Publicado en: El Universal
Todo fluye, todo está en movimiento, nada dura eternamente… en los mismos ríos entramos y no entramos, somos y no somos”. Así se expresa Heráclito, “el oscuro” de Efeso, filósofo melancólico y poético. Como el fuego, decía, el mundo está sometido a la tiranía del movimiento perpetuo, una movilidad que refleja la lucha entre opuestos, esa misma dinámica contradicción (antinomia, matizaba luego Spengler) que está en el corazón de todas las cosas.

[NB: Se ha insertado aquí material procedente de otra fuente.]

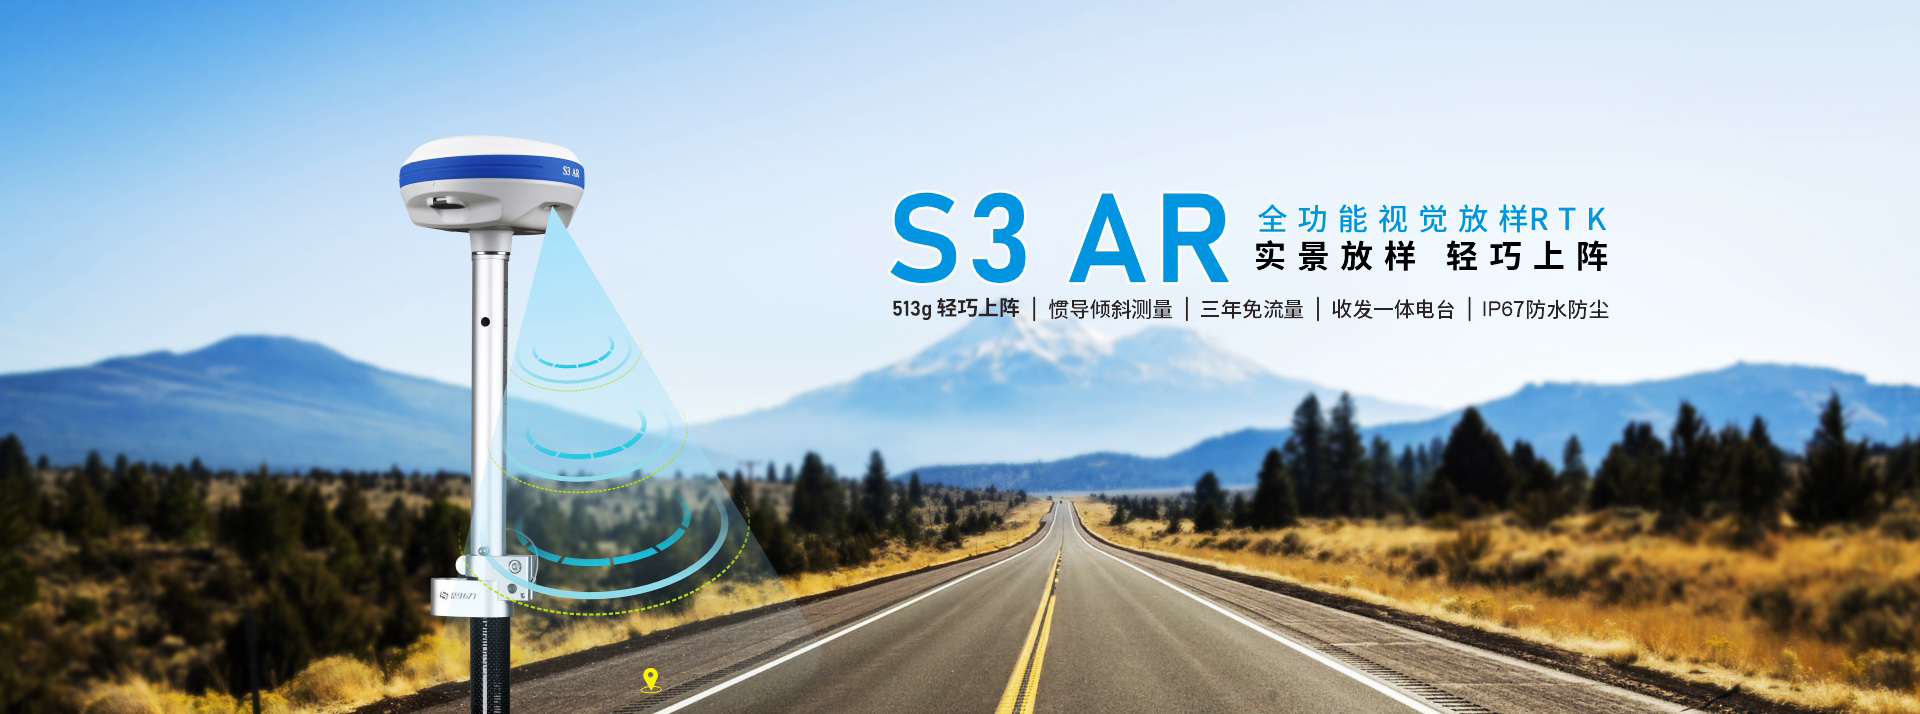 S3 AR 全功能视觉放样RTK
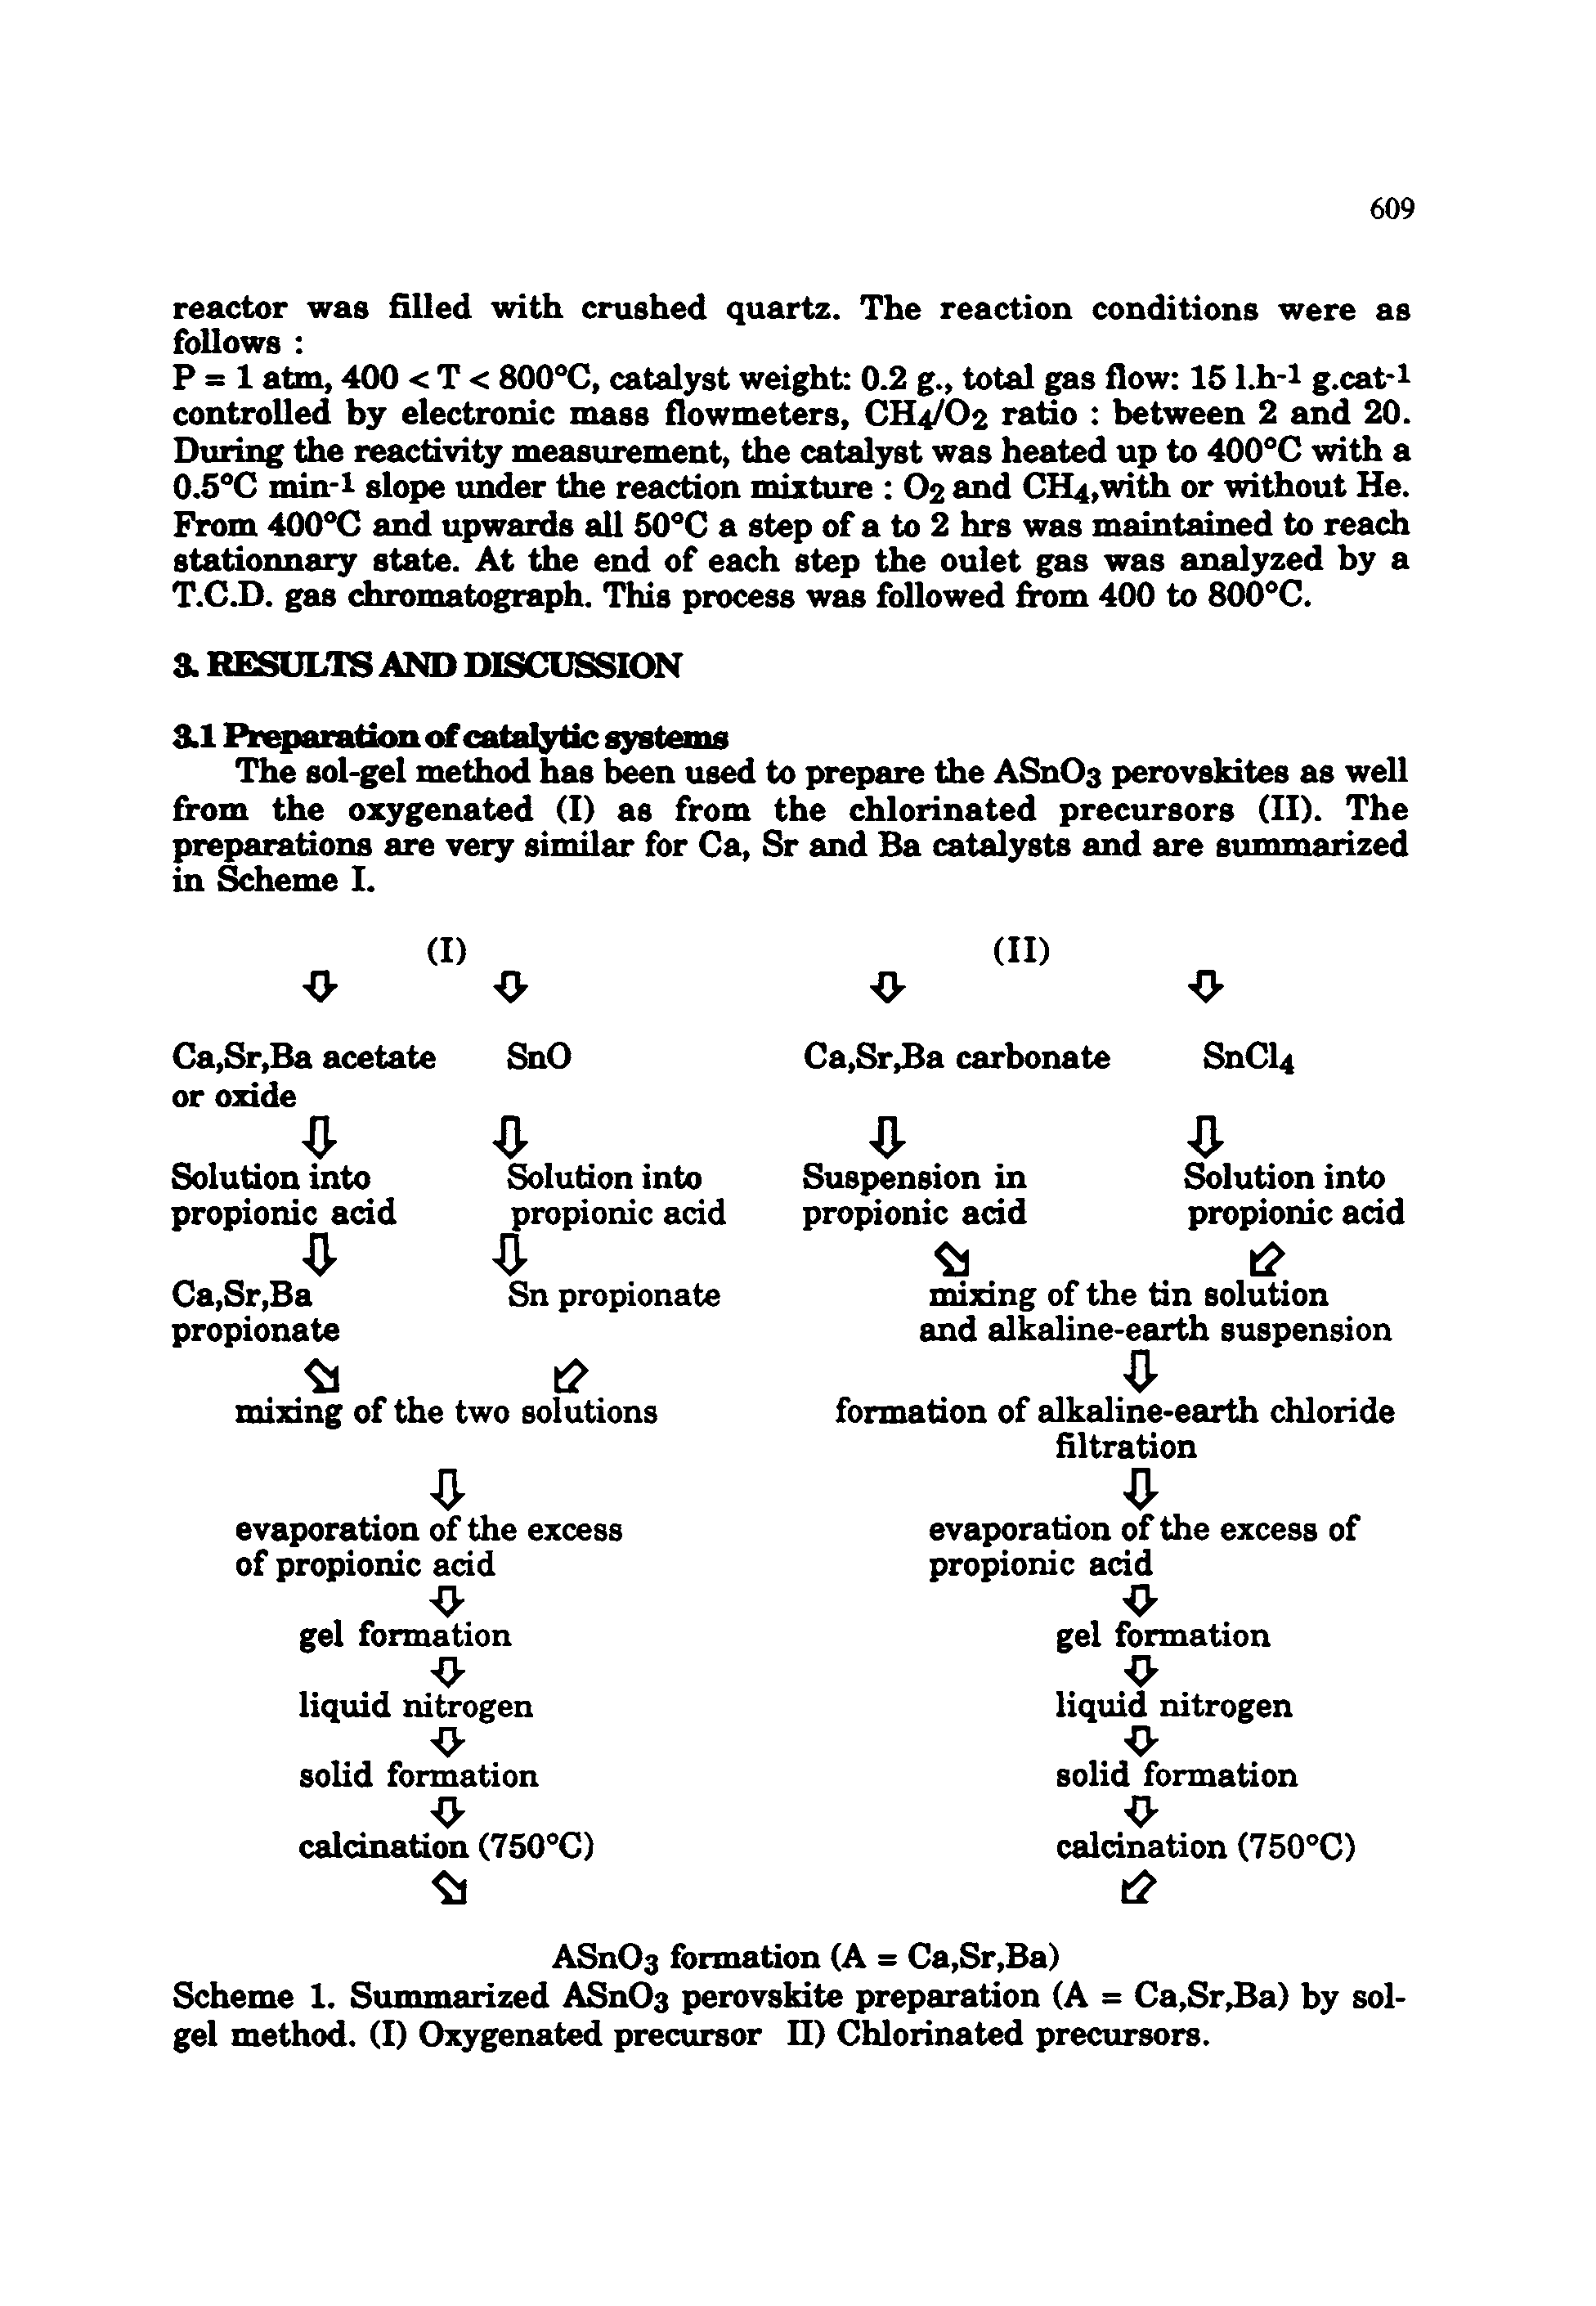 Scheme 1. Summarized ASnOs perovskite preparation (A Ca,Sr3a) by sol-gel method. (I) Oxygenated precursor H) Chlorinated precursors.

“Panta rei”, reescribe Platón, en su afán de descifrar al oscuro. La realidad es cambio, es manifestación de un logos impulsando la transformación y eventual identidad de los contrarios; casi un anticipo de la idea de la puja dialéctica. El universo está sometido así a un proceso eterno de nacimiento y destrucción, y sobre la base de esa fluctuación cabe calcular lo calculable.
Todo fluye, nada permanece. La frase retumba con especial gravedad en días en que el mundo da cuenta de esa ininterrumpida agitación. Sin ir lejos, el rostro político-social que Latinoamérica exhibía a principios de año en nada se concilia con el brusco guiño que hoy nos lanza. Hablamos de Chile, la rabiosa fractura del espejismo de estabilidad inconmovible; la encendida protesta en Ecuador contra el alza del combustible; la ratificación de un inconstitucional cuarto mandato para Morales en Bolivia, en medio de reclamos de fraude por parte de actores resteados con la lucha electoral. Los “tiempos recios” en Perú, el barranco en Honduras. En Colombia, la pérdida de apoyos del extremismo uribista y el fortalecimiento del centro, o la vuelta del peronismo a Argentina gracias al triunfo de la dupla Fernández-Kirchner. Cambios, por un lado, no sólo decisivos para las dinámicas de esos países, sino que presagian reordenamientos de equilibrios regionales que, ligados al posible debilitamiento del Grupo de Lima, llegan también para sacudir paradigmas entre la oposición venezolana.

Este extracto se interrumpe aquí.